Sunday, January 17, 2010

Intelligence and Socialization

The Animal Planet channel is currently running a series called "Extraordinary Animals". This is a highly interesting series and coincidentally, it's about the exact opposite of that Human Spark series on PBS. While PBS is working with ancient notions and trying to prove the non-existence of animal intelligence, each episode of Extraordinary Animals focuses on one particular research study that shows just how intelligent animals really are.

AzyThis week, they showed an episode about Azy, an orangutan at the Great Ape Trust of Iowa. The researchers there have taught Azy a language based on abstract symbols (sort of like hieroglyphics), and also demonstrated that orangutans have long-term memories of companions (just as Christian the lion demonstrated) as well as self-recognition, all qualities that others have denied possible in animals.

The following describes some of what was shown on Extraordinary Animals, and is partially adapted from the Great Ape Trust web site:
Scientists at Great Ape Trust are exploring the abilities of orangutans to use symbols and syntax to express their thoughts. The orangutans are learning to use a symbol-based language that is presented on a computer monitor. The touch-screen monitor has large "buttons" that are big enough for orangutan fingers.

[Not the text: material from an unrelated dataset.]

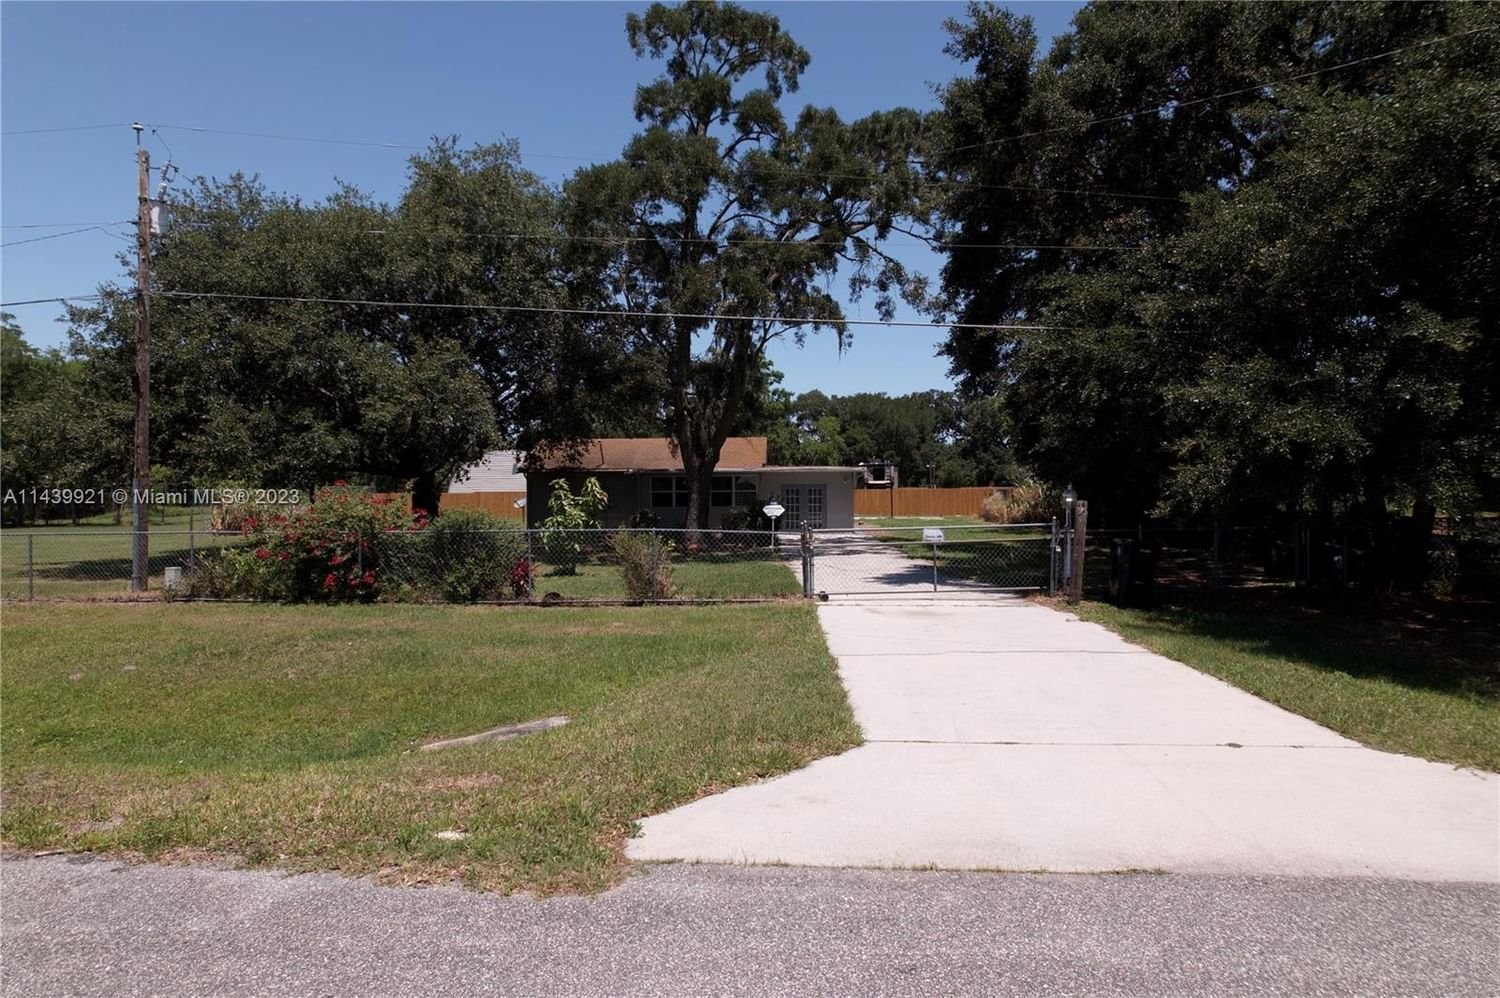 Real estate property located at 6301 Nassau Ave, Orange County, Orlando, FL

The symbol for apple.This symbolic language contains about 70 "words". All the symbols are abstract and have no visual relation to what they represent. There are seven categories, each containing ten individual symbols. The categories are: foods, non-food objects, proper names of people, proper names of orangutans, verbs, adjectives and numbers.

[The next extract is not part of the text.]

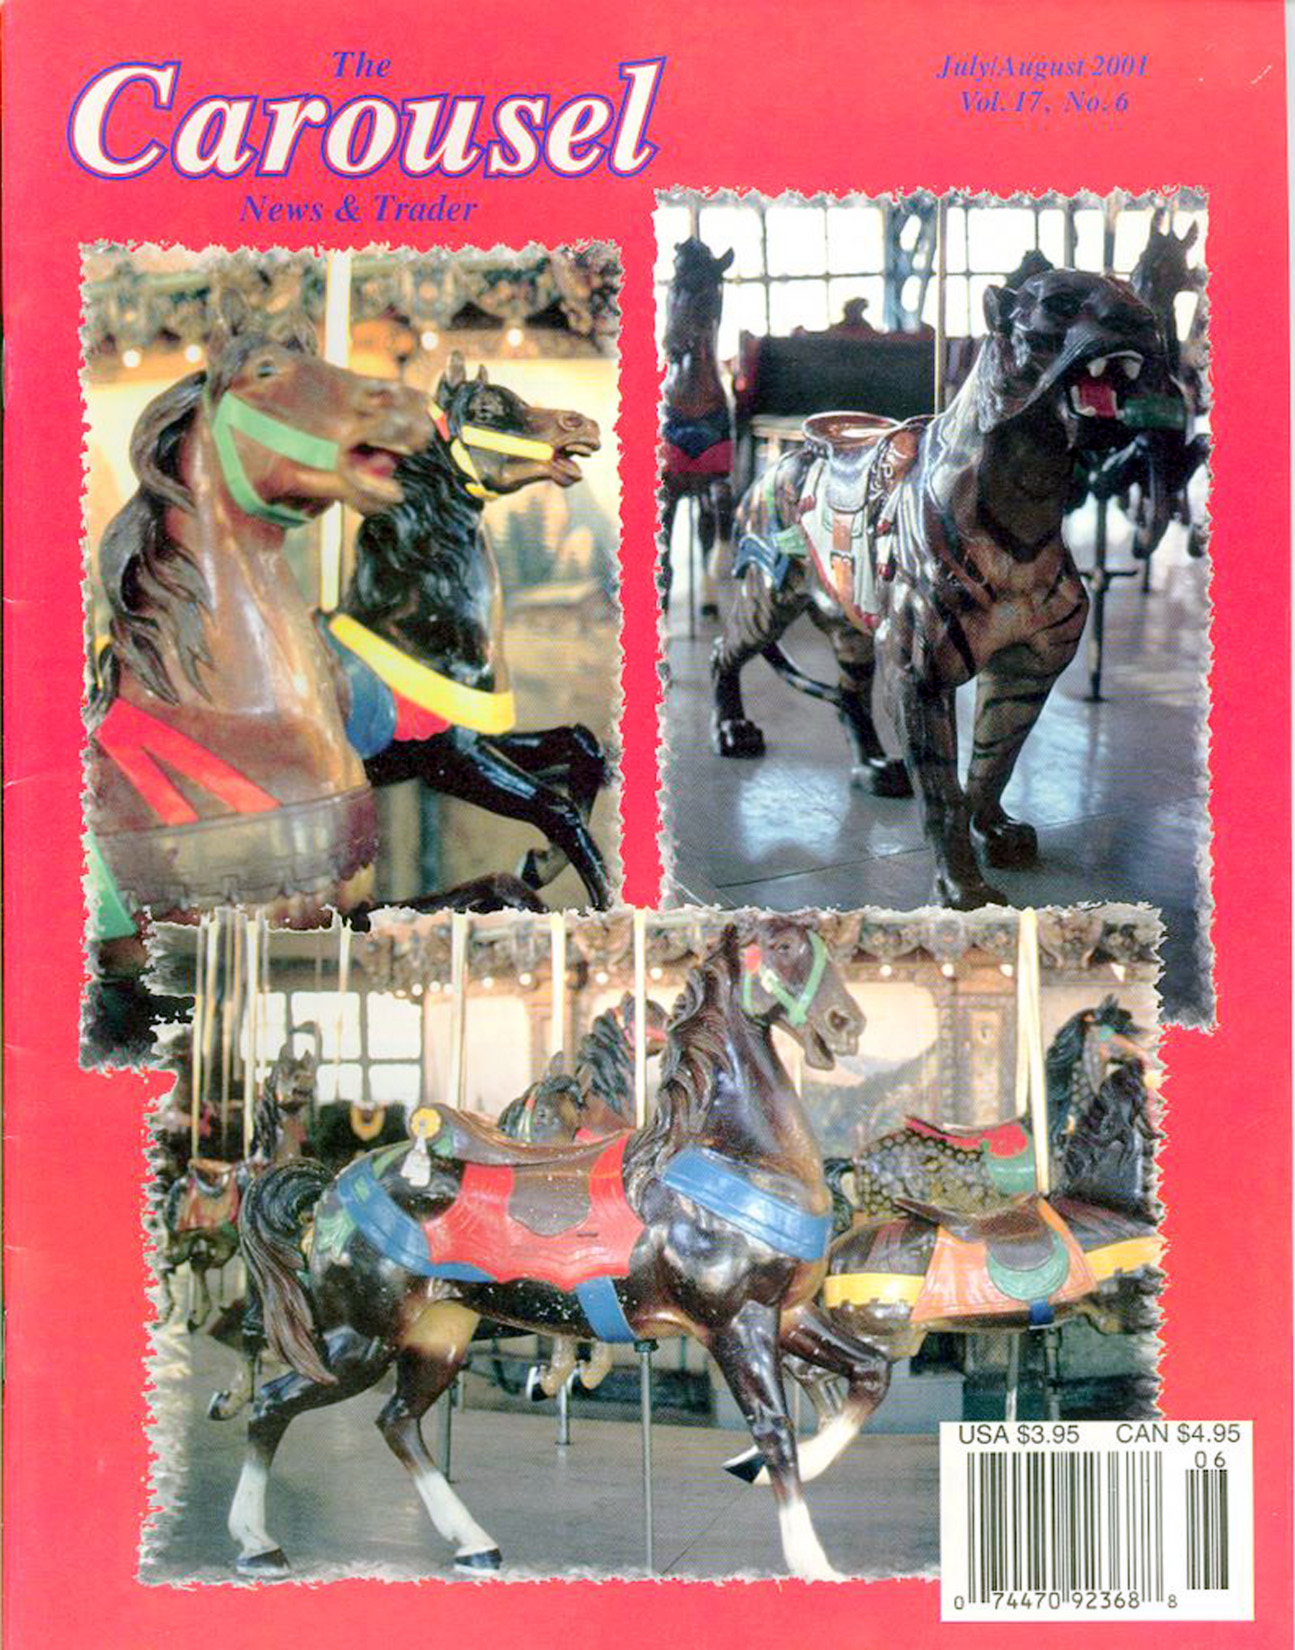 cnt_07_08_2001-Lancaster-PA-Dentzel-menagerie-carousel

There is a logic to these symbols. Each category has its own unique exterior shape. For example, a rectangle means "food" and a circle means "non-food object." Individually, the interior components of each symbol are meaningless. It's the arrangement within the exterior shape that gives each symbol a specific meaning. In addition to the major categories, there are symbols that mean "send," "clear," "yes/good," and "no/wrong." The dictionary can be expanded as the orangutans learn more symbols.
Using this system, Azy is able to identify objects, ask questions, and even give commands.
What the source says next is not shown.